• Given information:

----

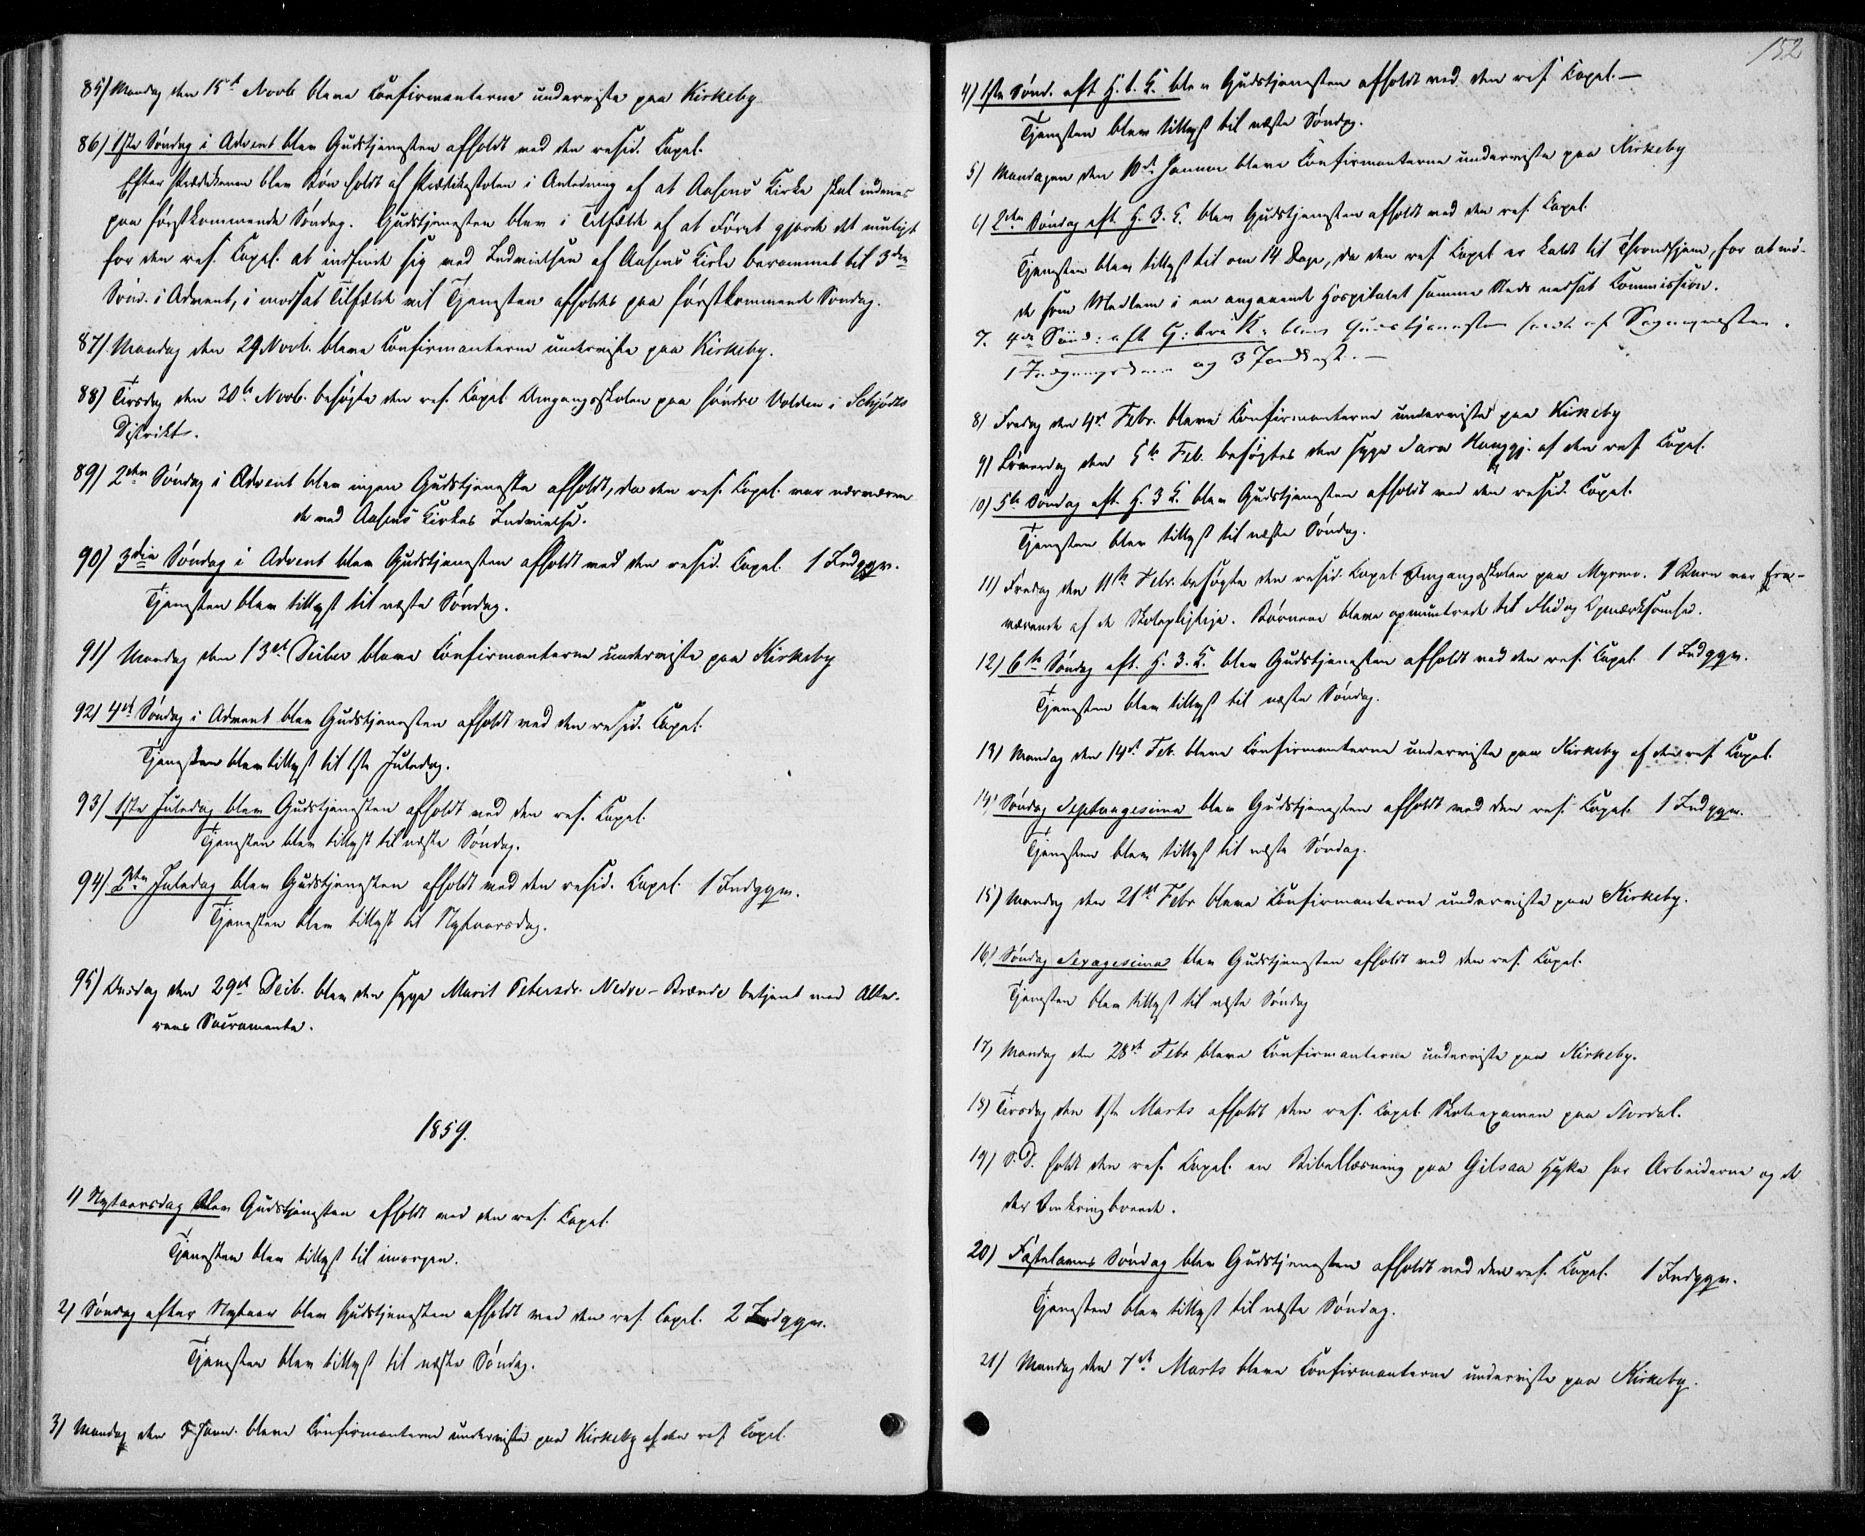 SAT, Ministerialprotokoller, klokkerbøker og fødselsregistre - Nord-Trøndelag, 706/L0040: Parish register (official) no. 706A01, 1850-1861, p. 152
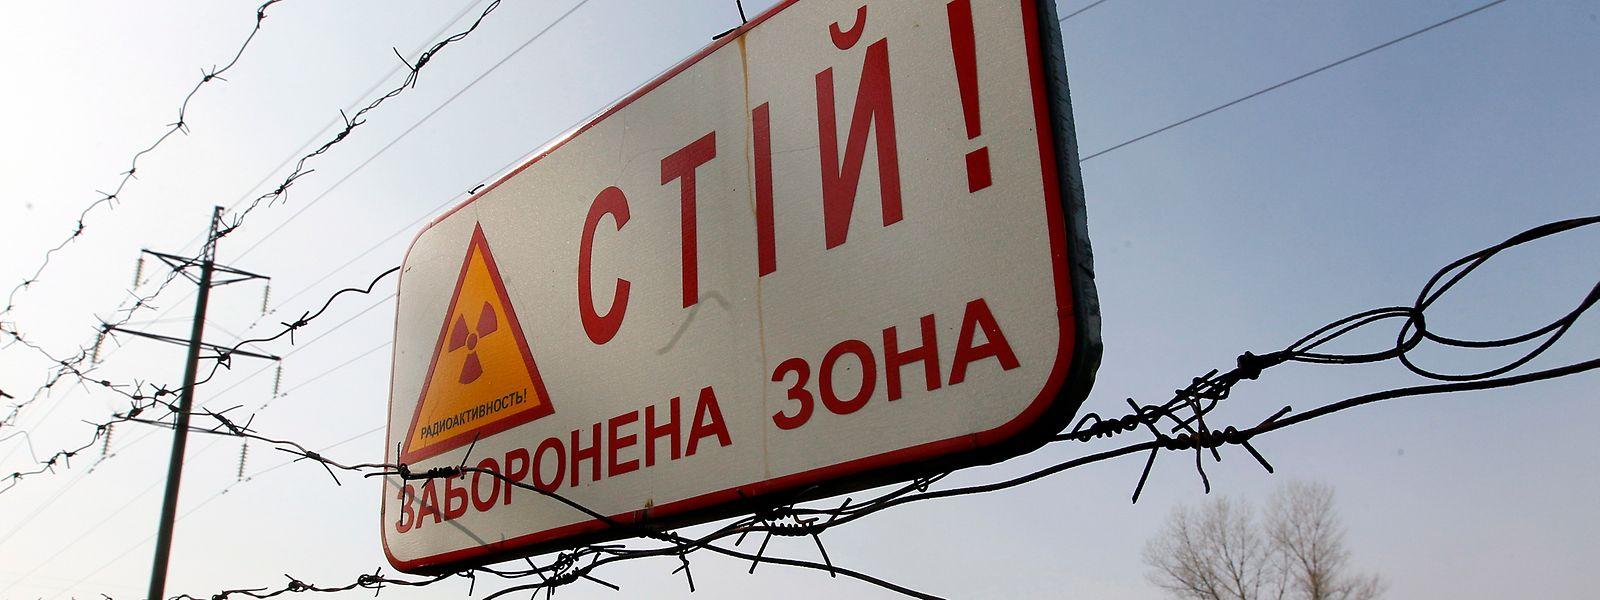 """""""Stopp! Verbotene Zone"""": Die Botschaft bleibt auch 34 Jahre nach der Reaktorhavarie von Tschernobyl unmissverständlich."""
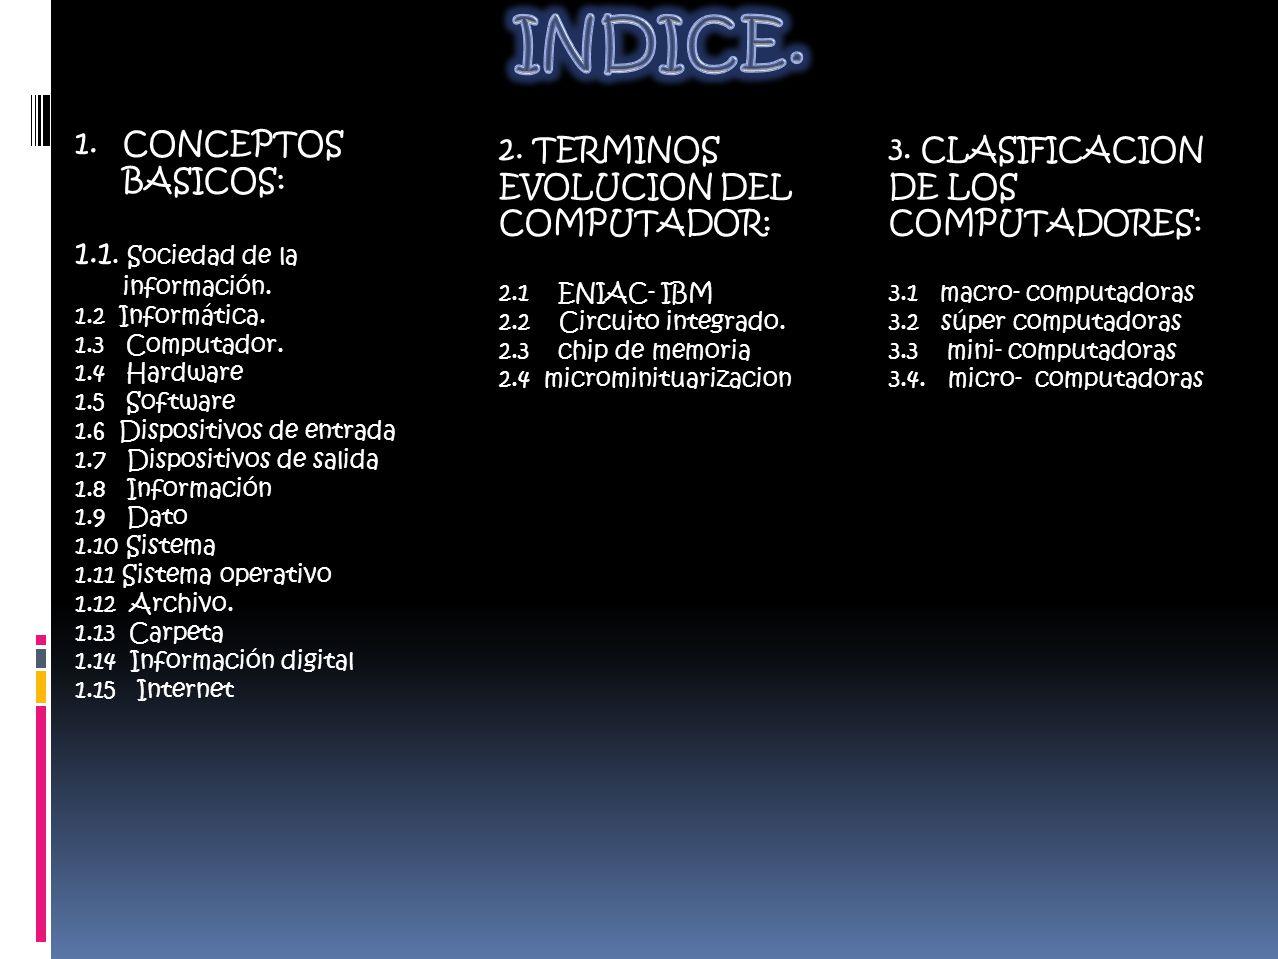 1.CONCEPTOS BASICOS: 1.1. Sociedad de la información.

----

• What you have to do: A word-for-word reprint of the listing above is needed, minus the pictures.

• Reply to the exercise:
 SAT, Ministerialprotokoller, klokkerbøker og fødselsregistre - Nord-Trøndelag, 706/L0040: Parish register (official) no. 706A01, 1850-1861, p. 152
 """""""Stopp! Verbotene Zone"""": Die Botschaft bleibt auch 34 Jahre nach der Reaktorhavarie von Tschernobyl unmissverständlich."""
 1.CONCEPTOS BASICOS: 1.1. Sociedad de la información.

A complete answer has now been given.